§ **Data provided**:
______________________________

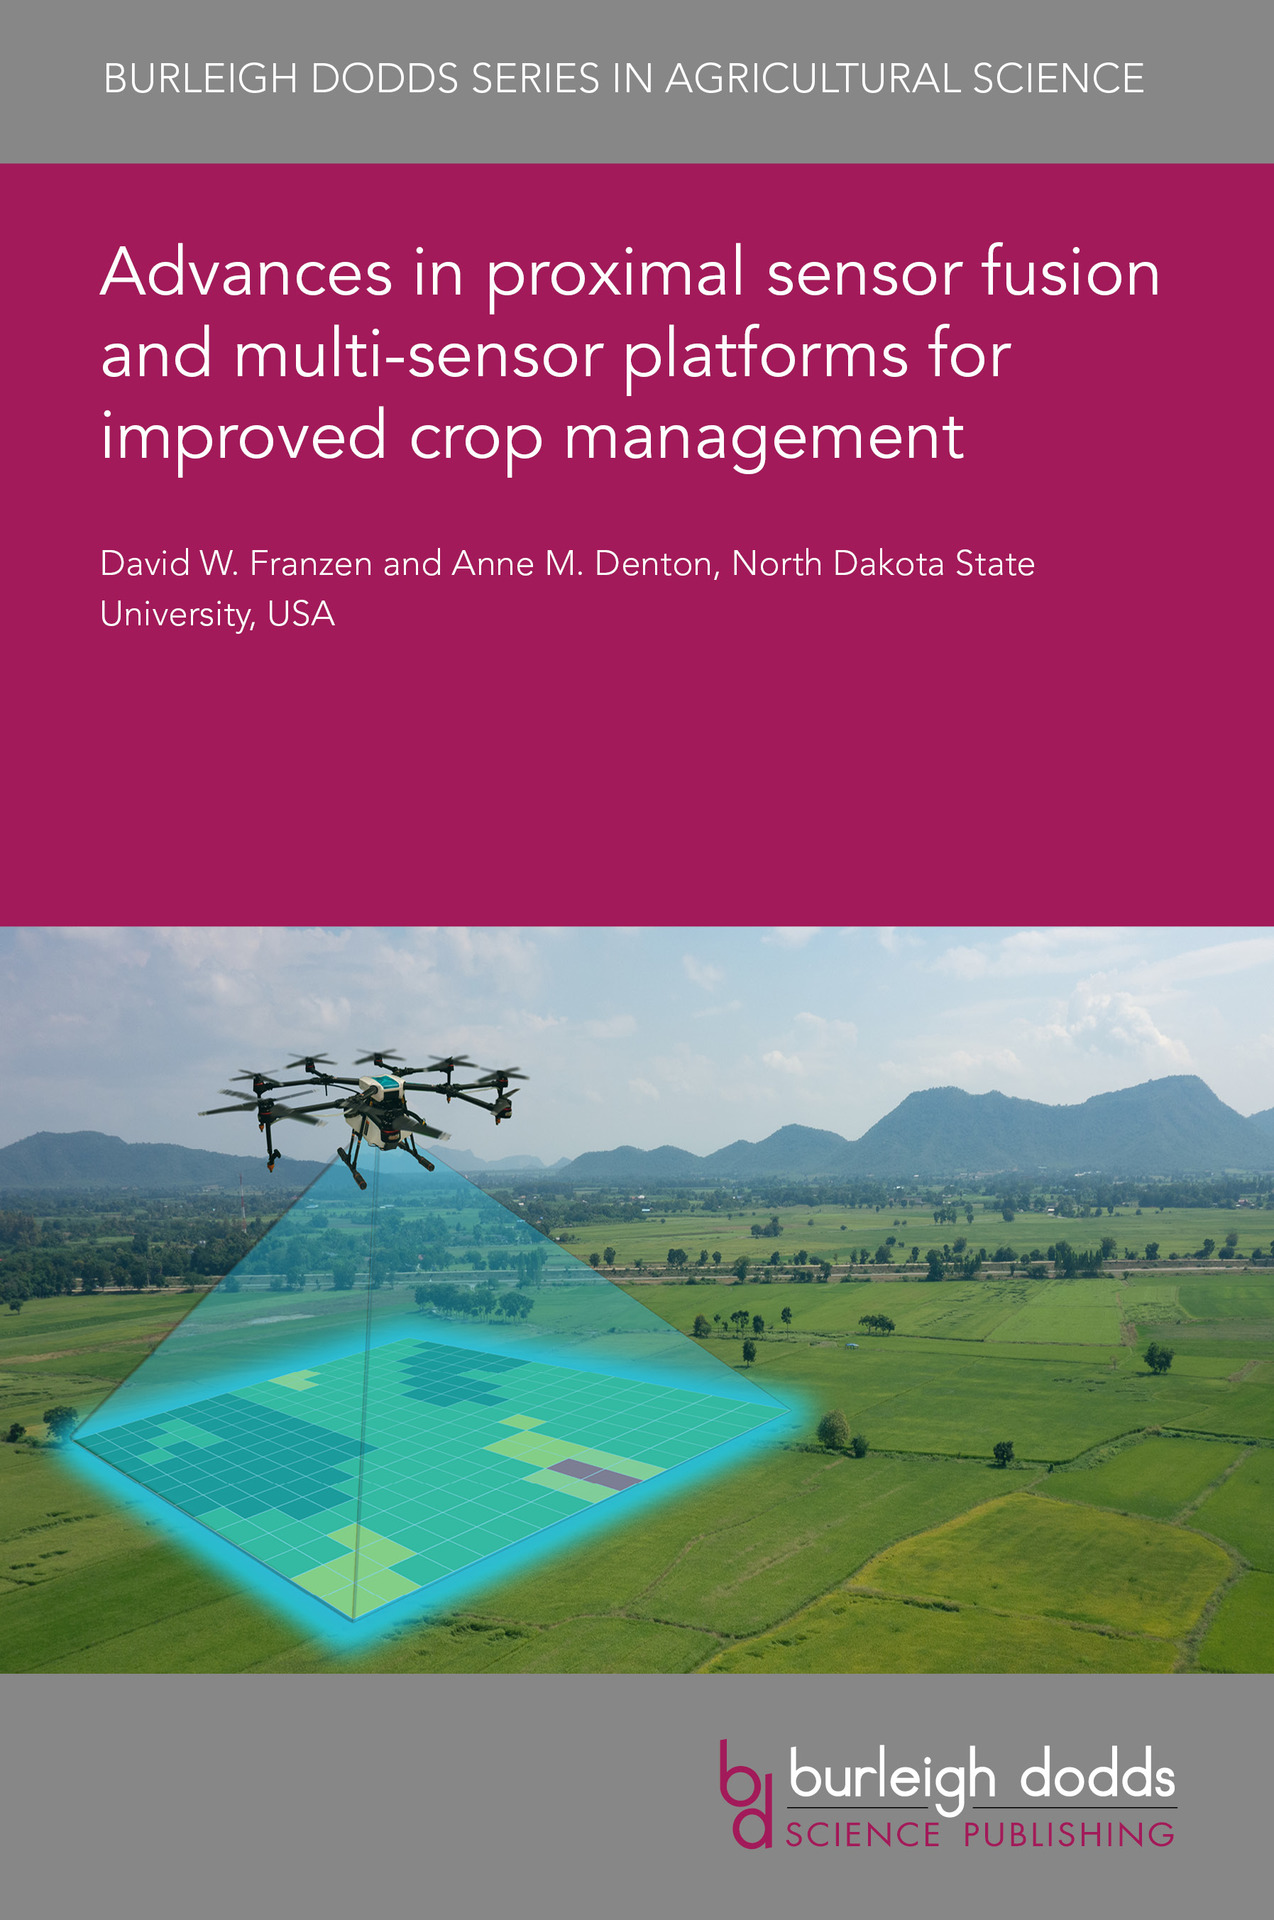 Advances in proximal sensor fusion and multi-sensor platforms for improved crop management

______________________________

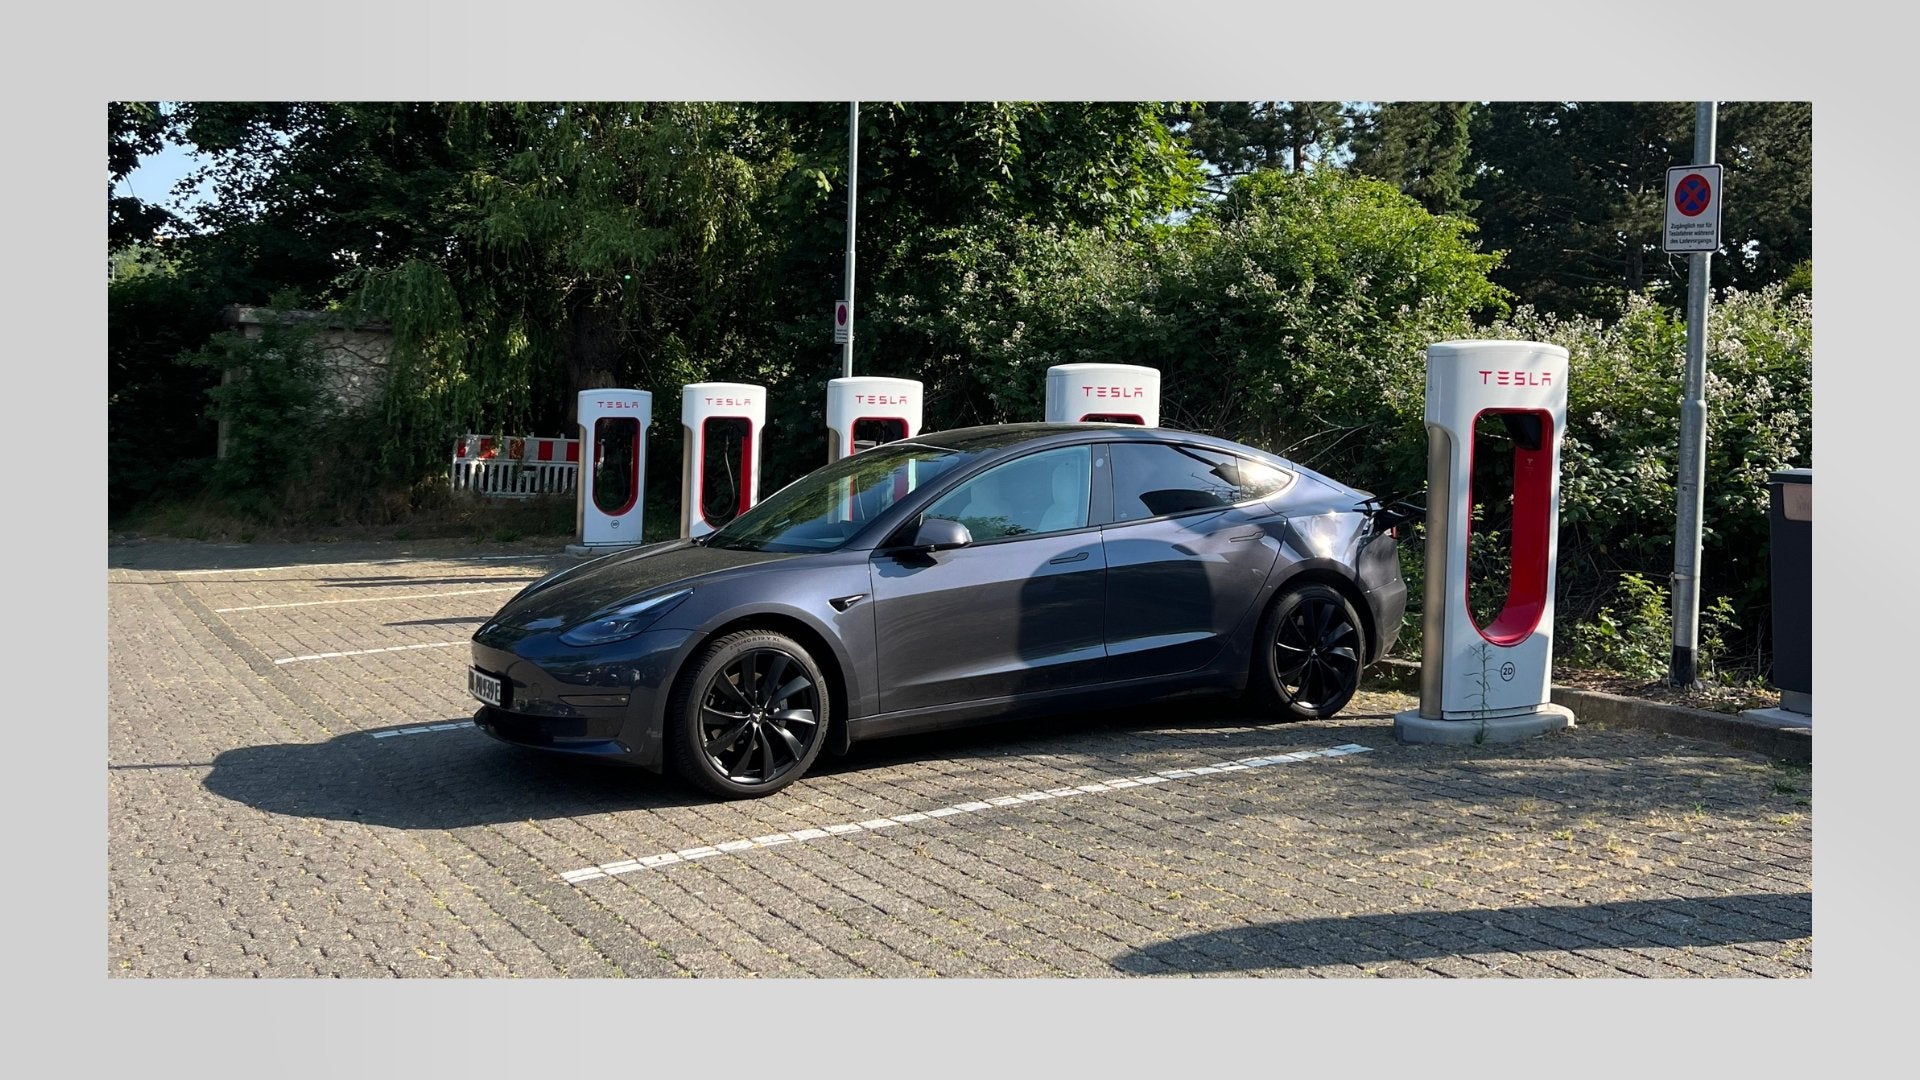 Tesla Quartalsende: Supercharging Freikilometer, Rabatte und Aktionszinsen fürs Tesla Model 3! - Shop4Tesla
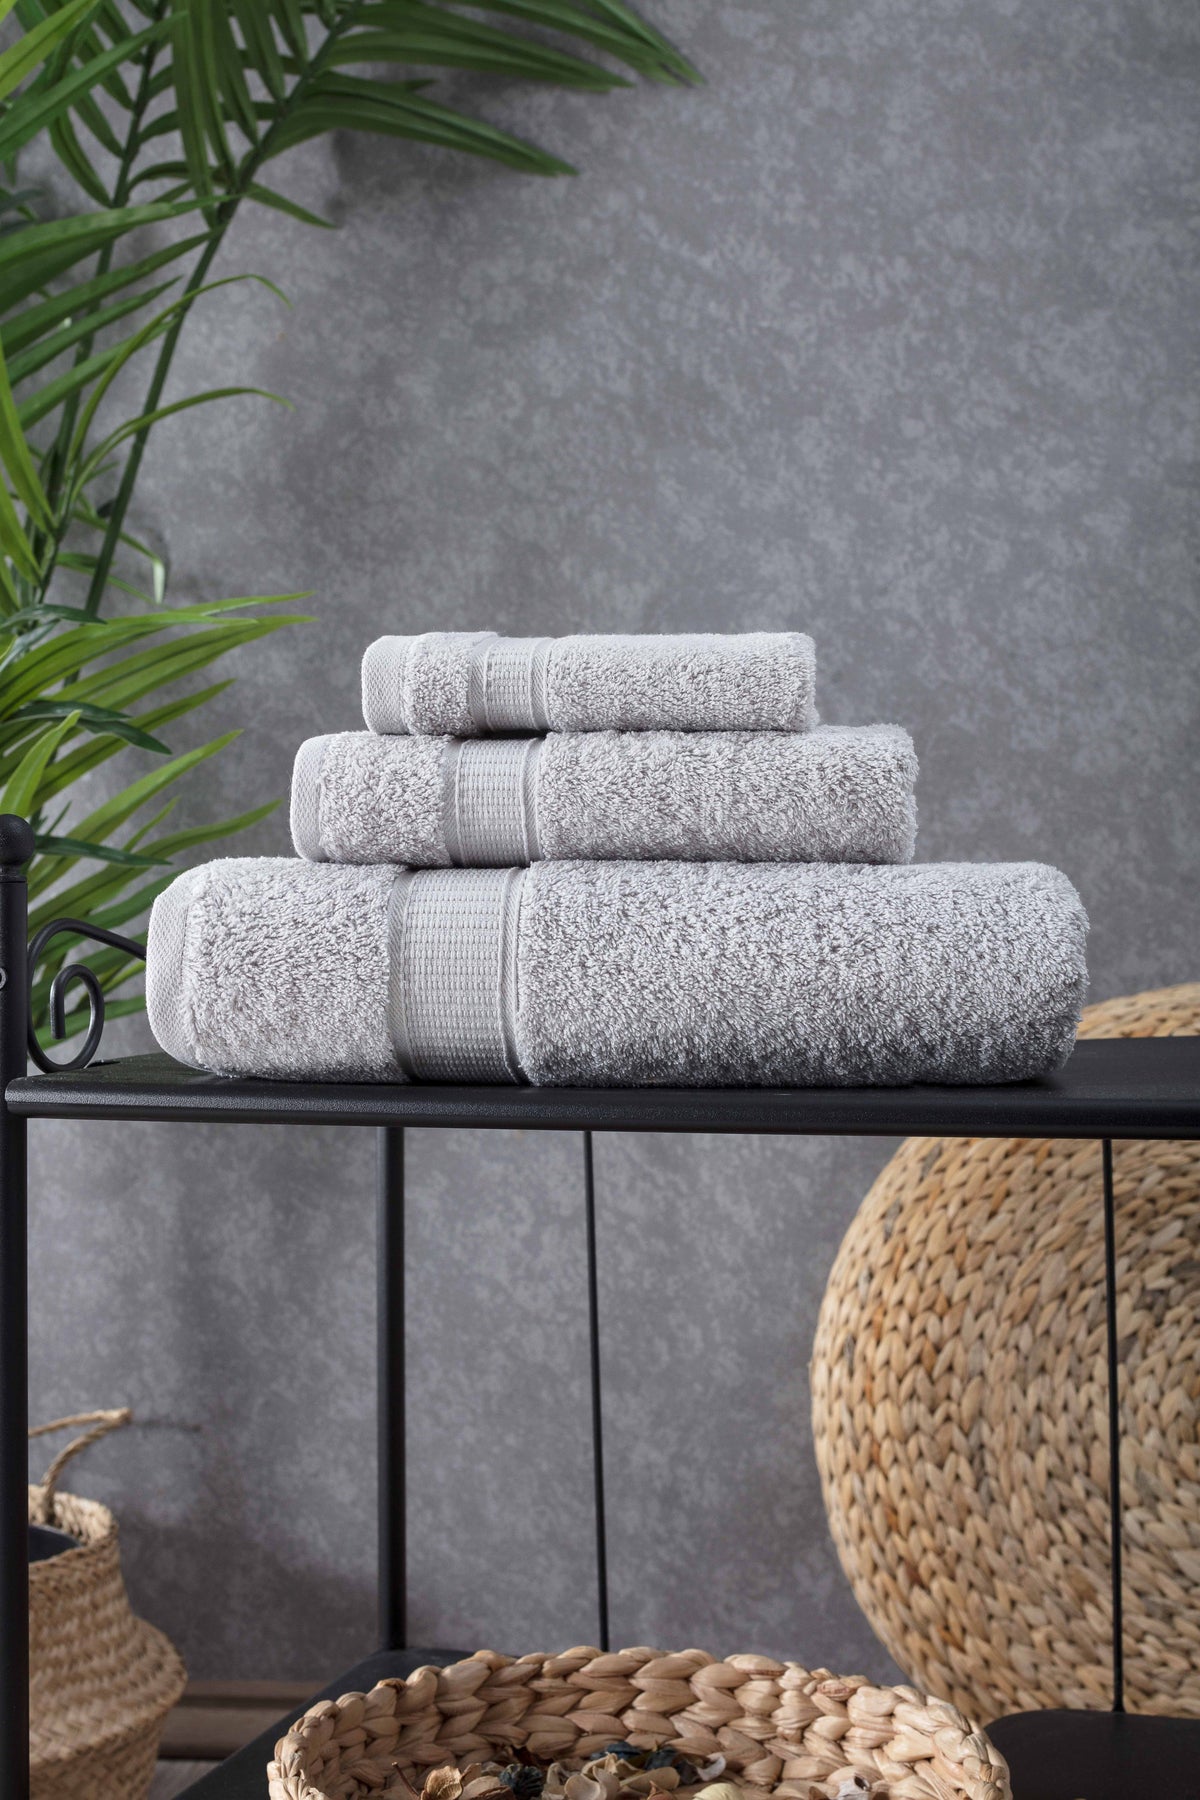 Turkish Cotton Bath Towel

______________________________

The reply should hold exactly the lines above, starting at the line with "Tesla Quartalsende: Supercharging" and ending at the line with "Turkish Cotton Bath Towel", and no pictures.

 Tesla Quartalsende: Supercharging Freikilometer, Rabatte und Aktionszinsen fürs Tesla Model 3! - Shop4Tesla
 Turkish Cotton Bath Towel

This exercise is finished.